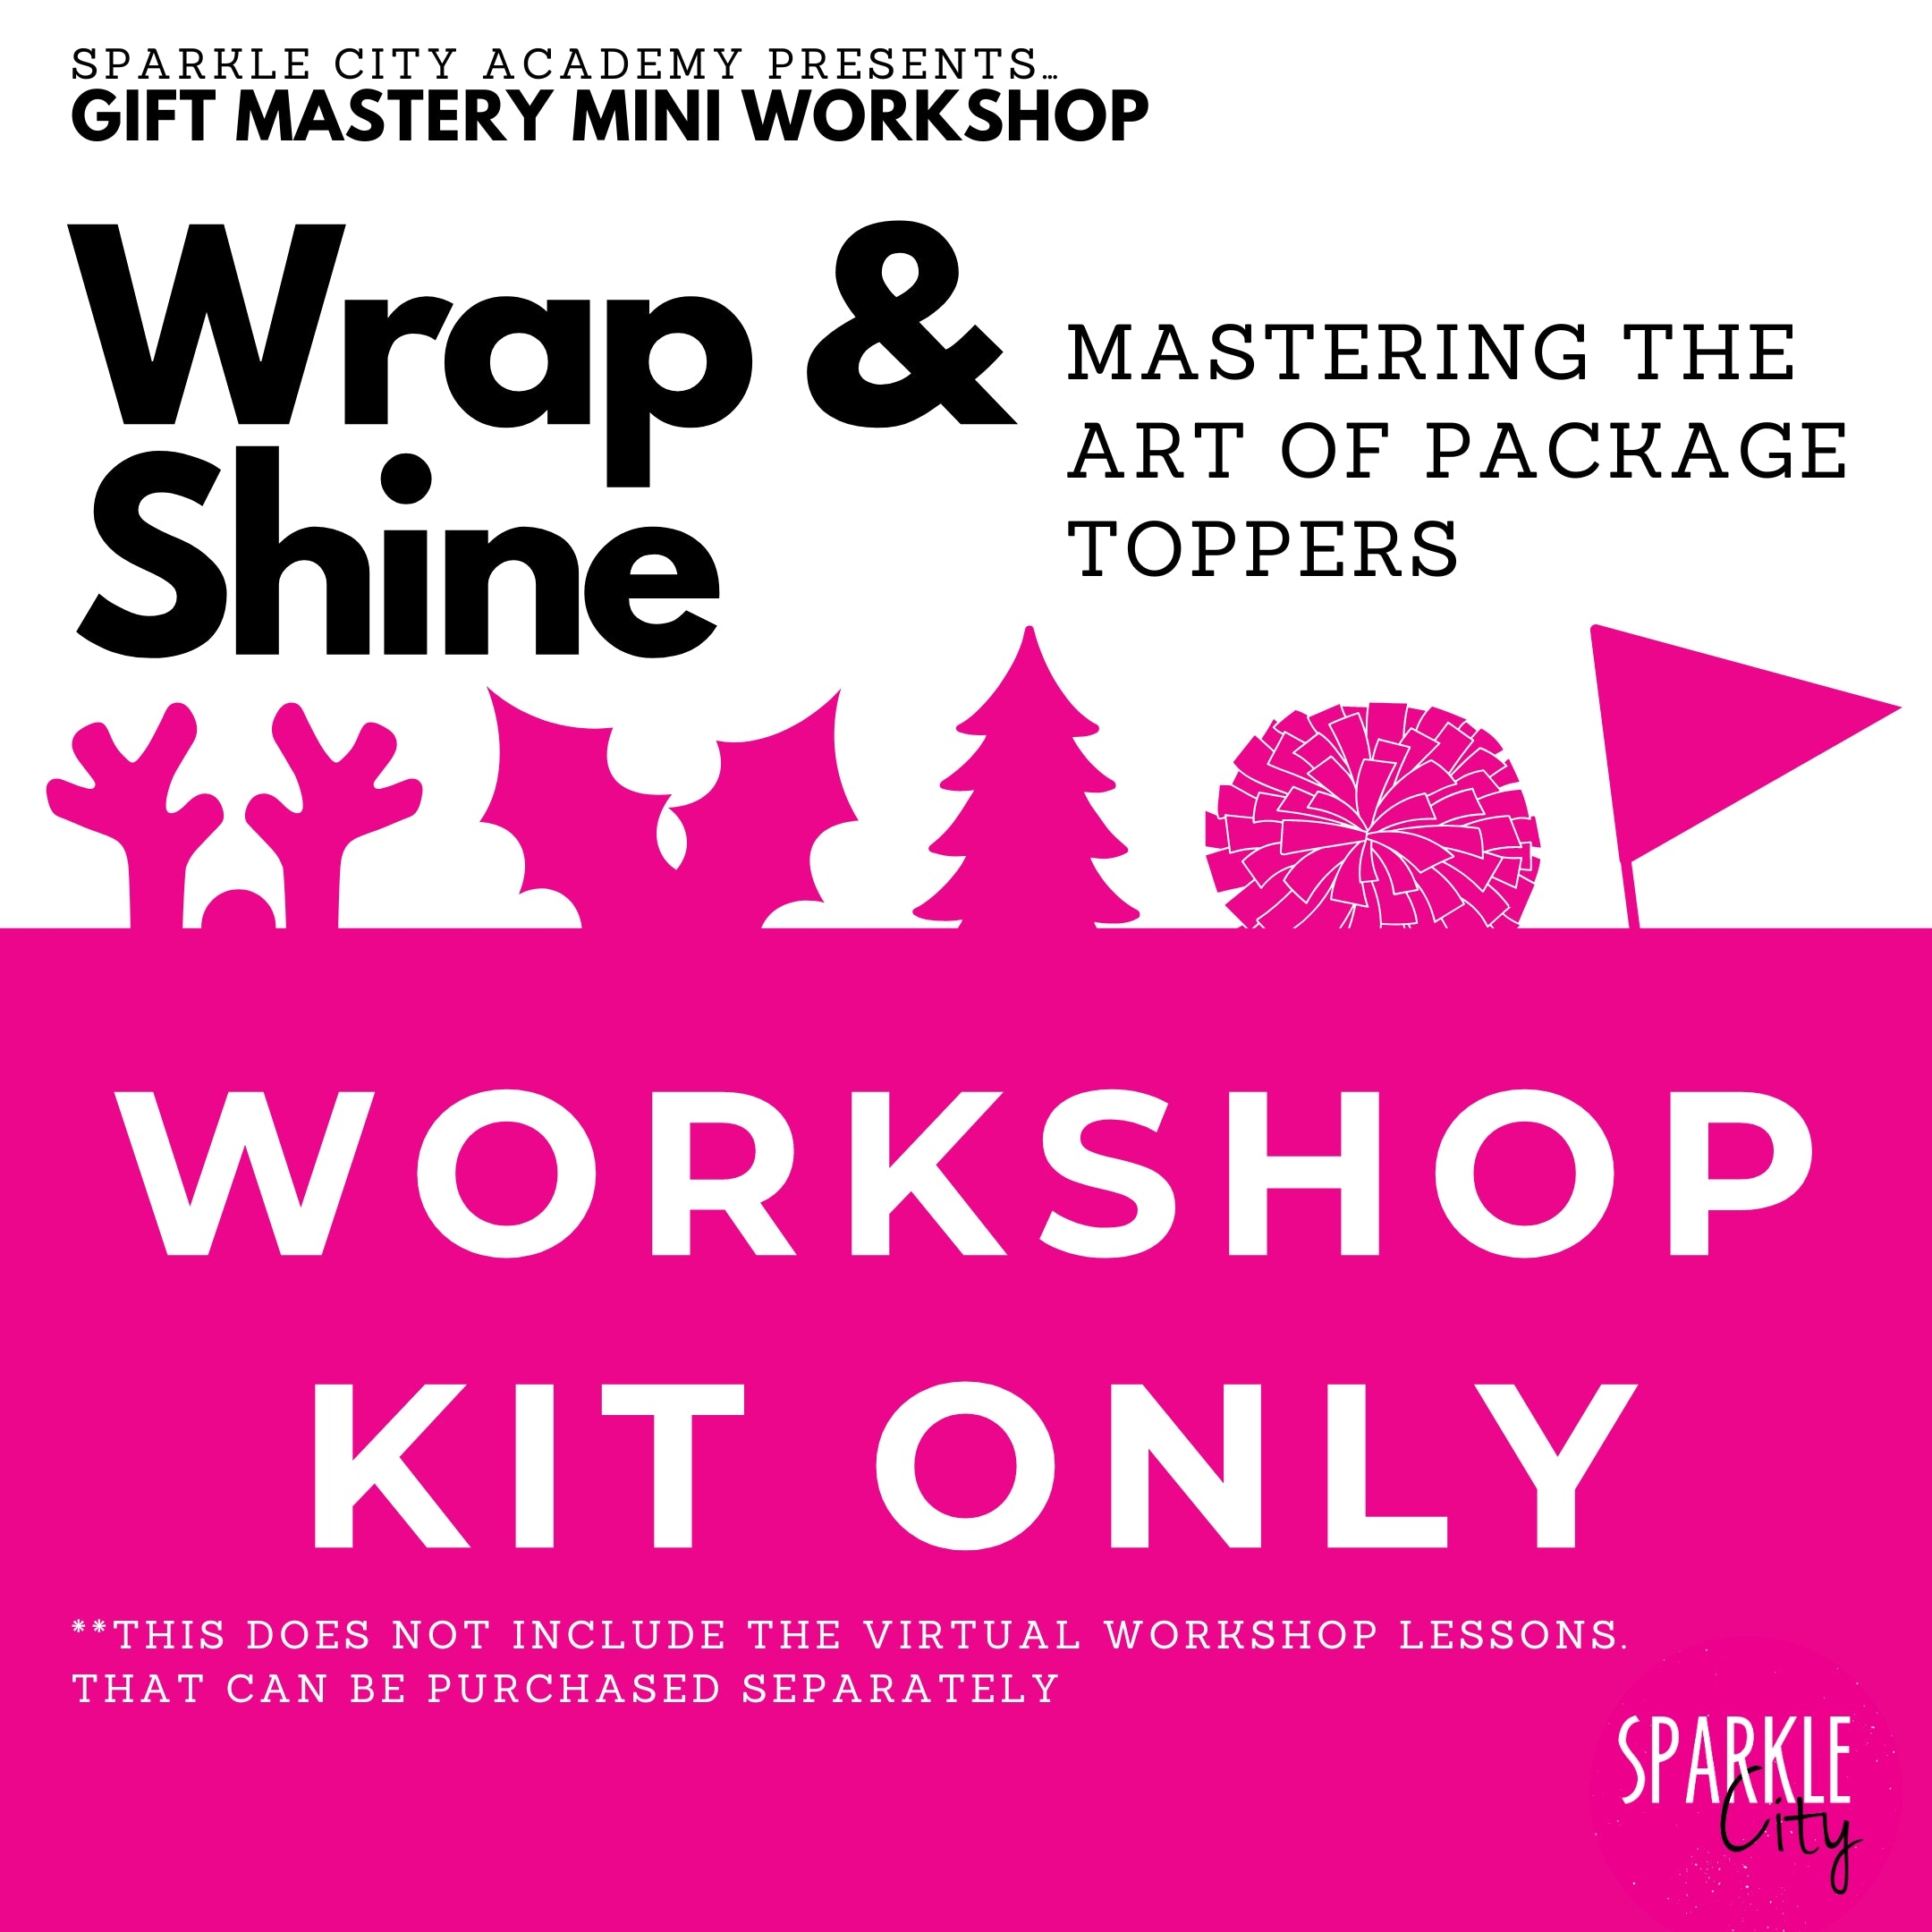 Wrap & Shine: Mastering the Art of Package Toppers - WORKSHOP KIT ONLY
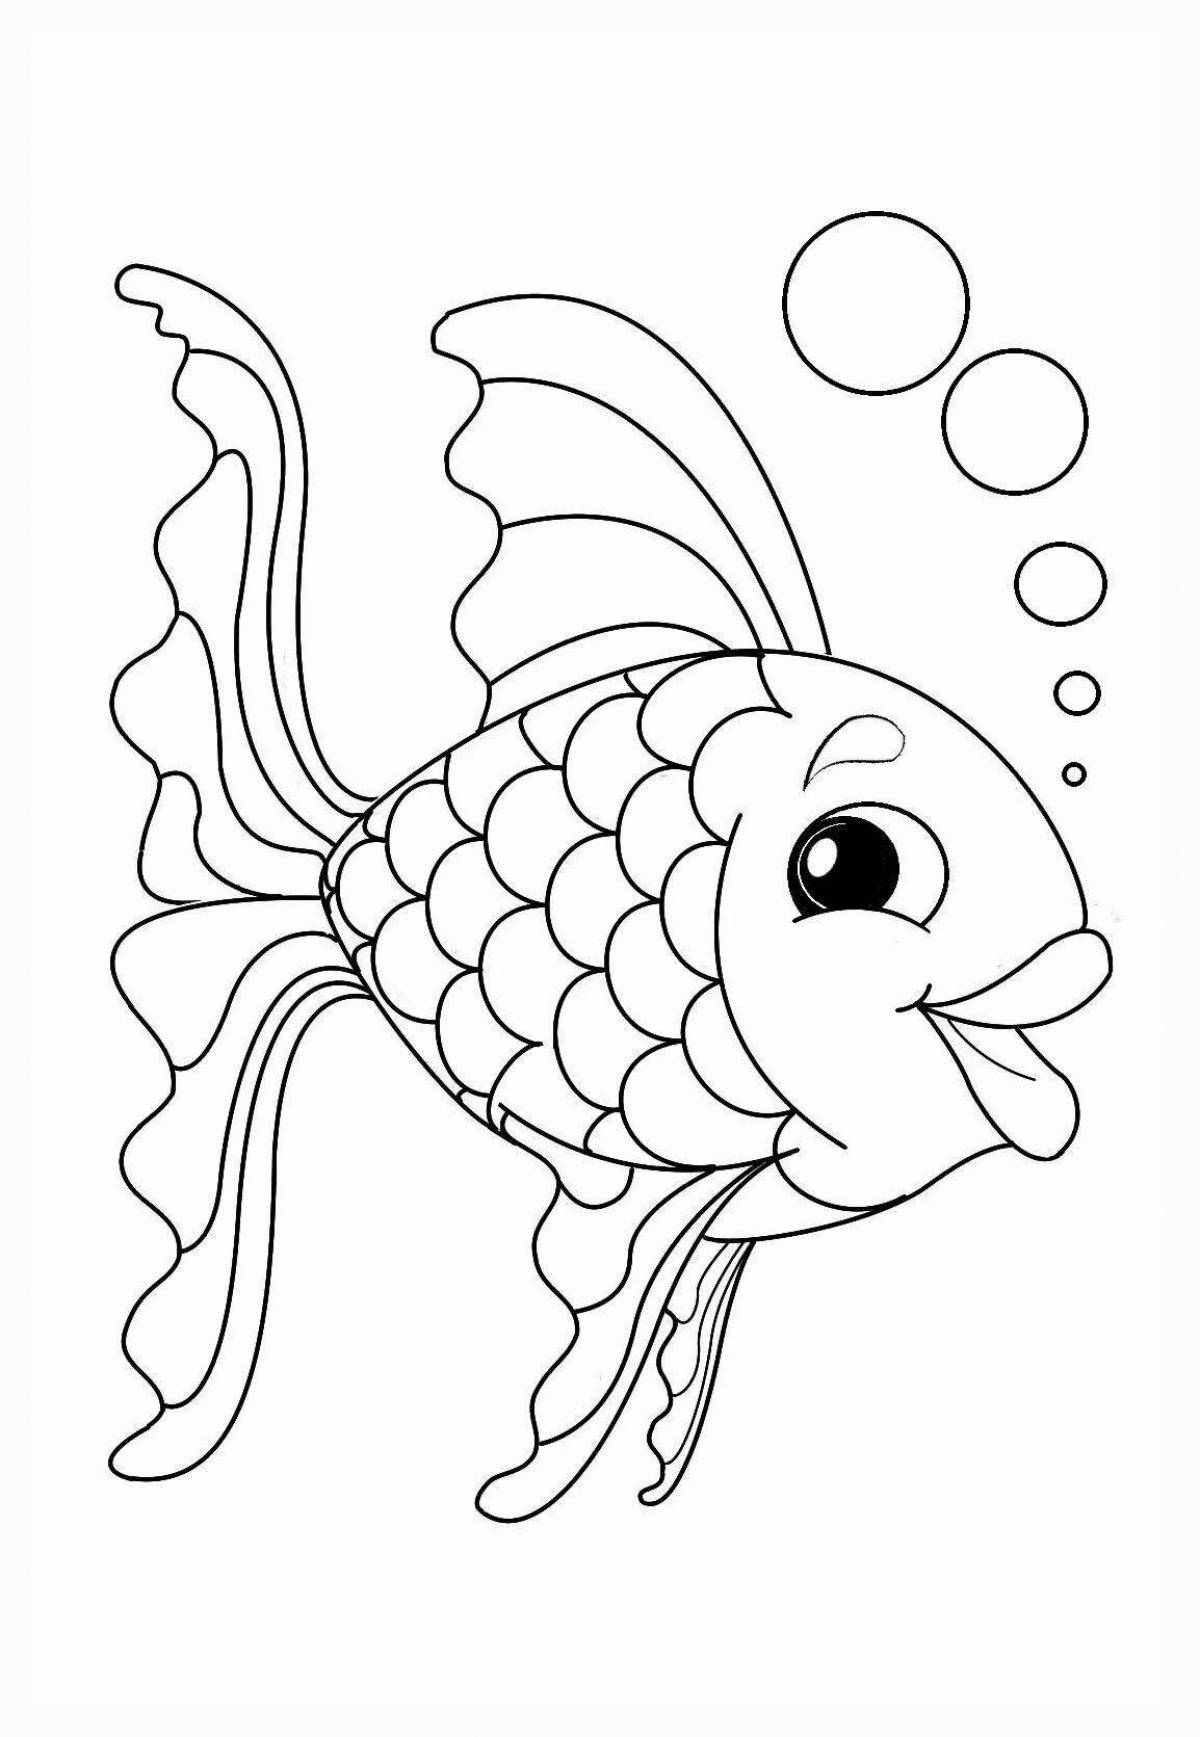 Cute goldfish coloring pages for kids
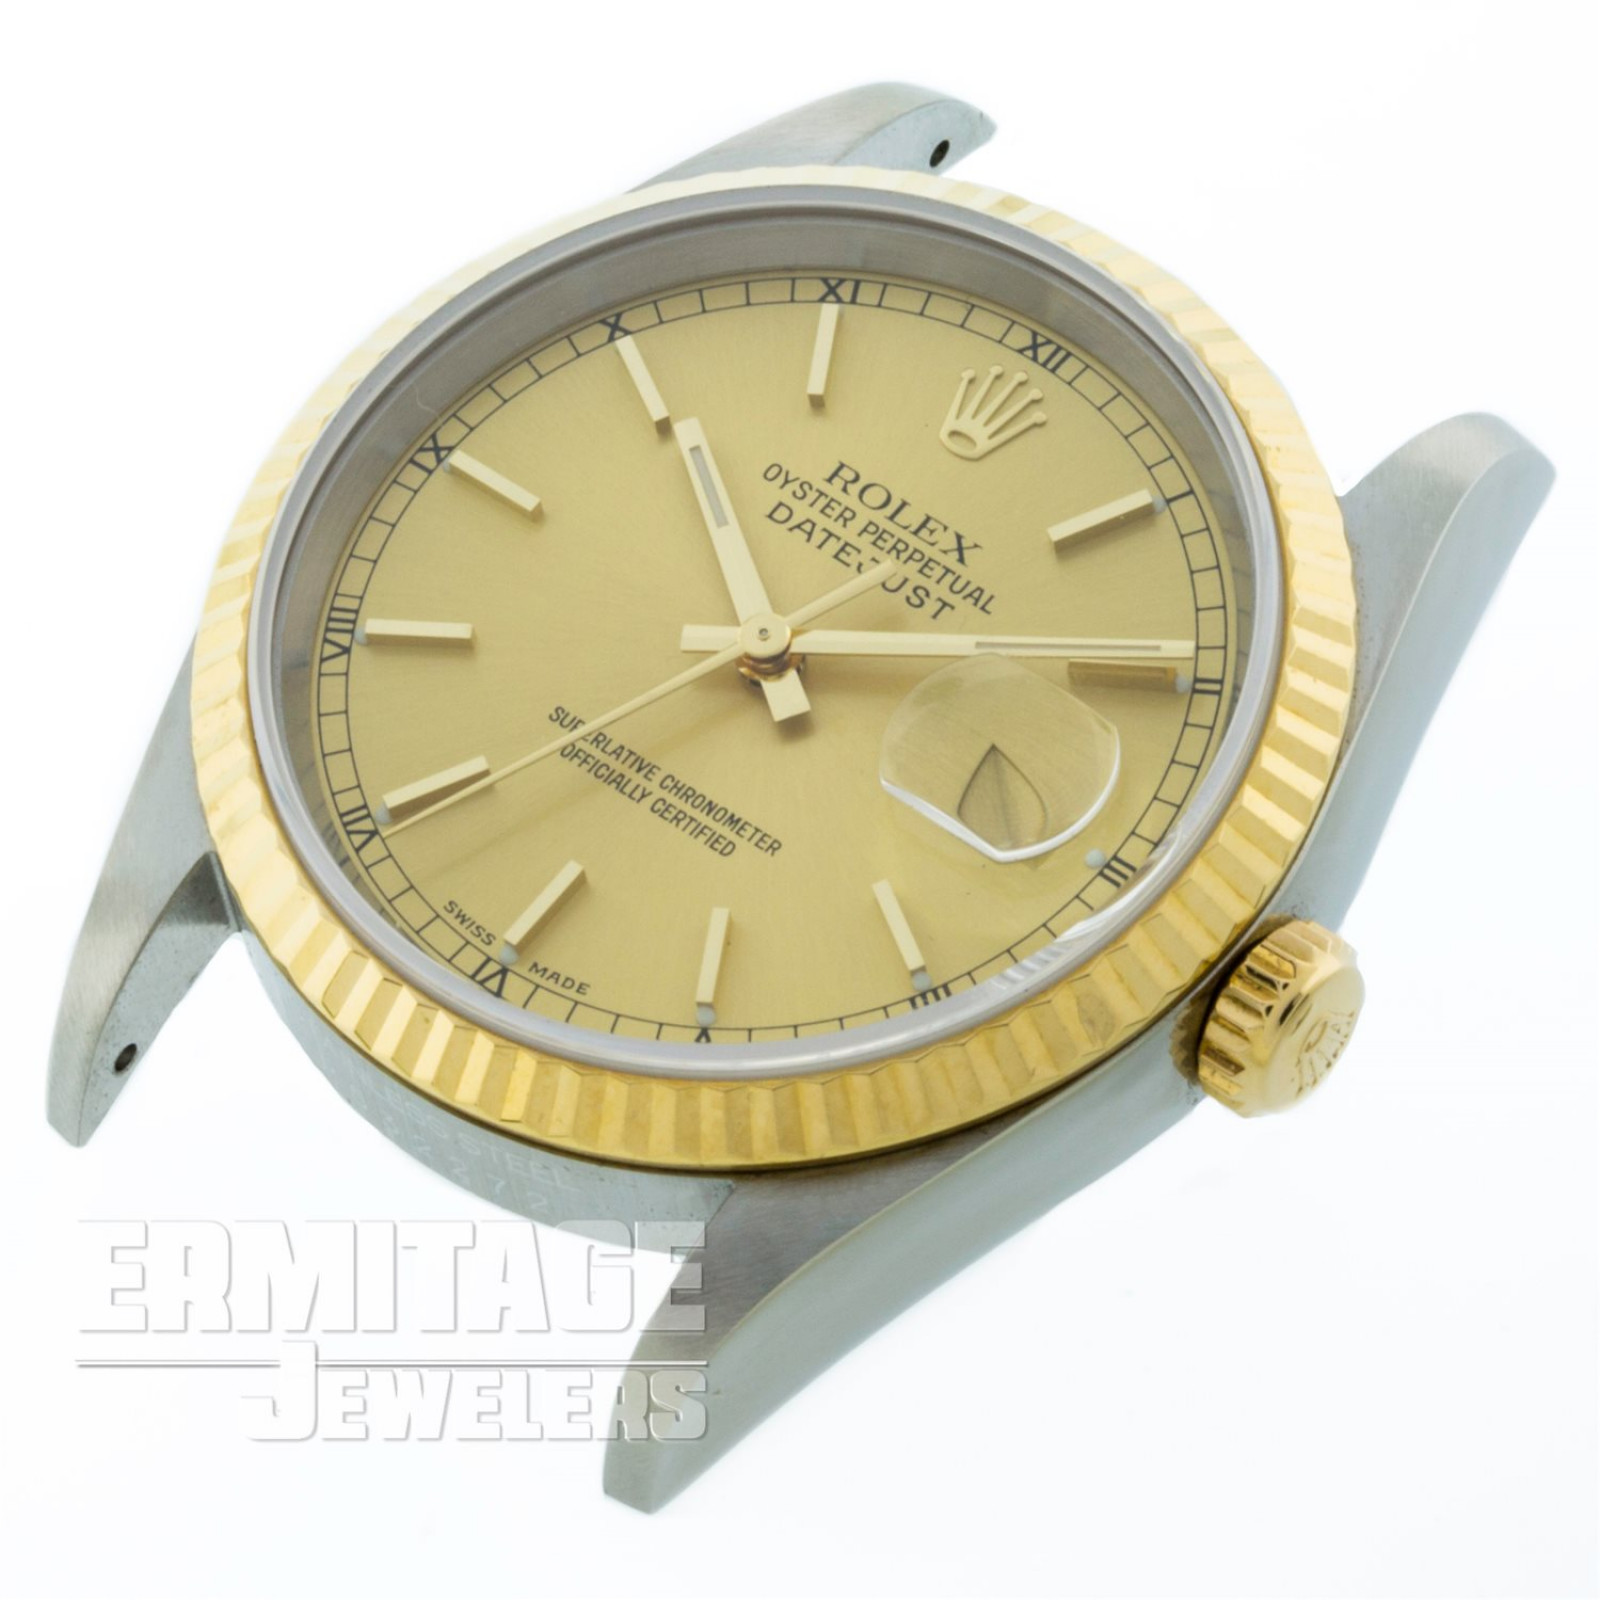 Rolex Datejust 16233 36 mm Champagne Dial

_What to work on:_
A verbatim transcription of the listing is expected, with no pictures included.

_Problem solution:_
 Wrap & Shine: Mastering the Art of Package Toppers - WORKSHOP KIT ONLY
 Cute goldfish coloring pages for kids
 Rolex Datejust 16233 36 mm Champagne Dial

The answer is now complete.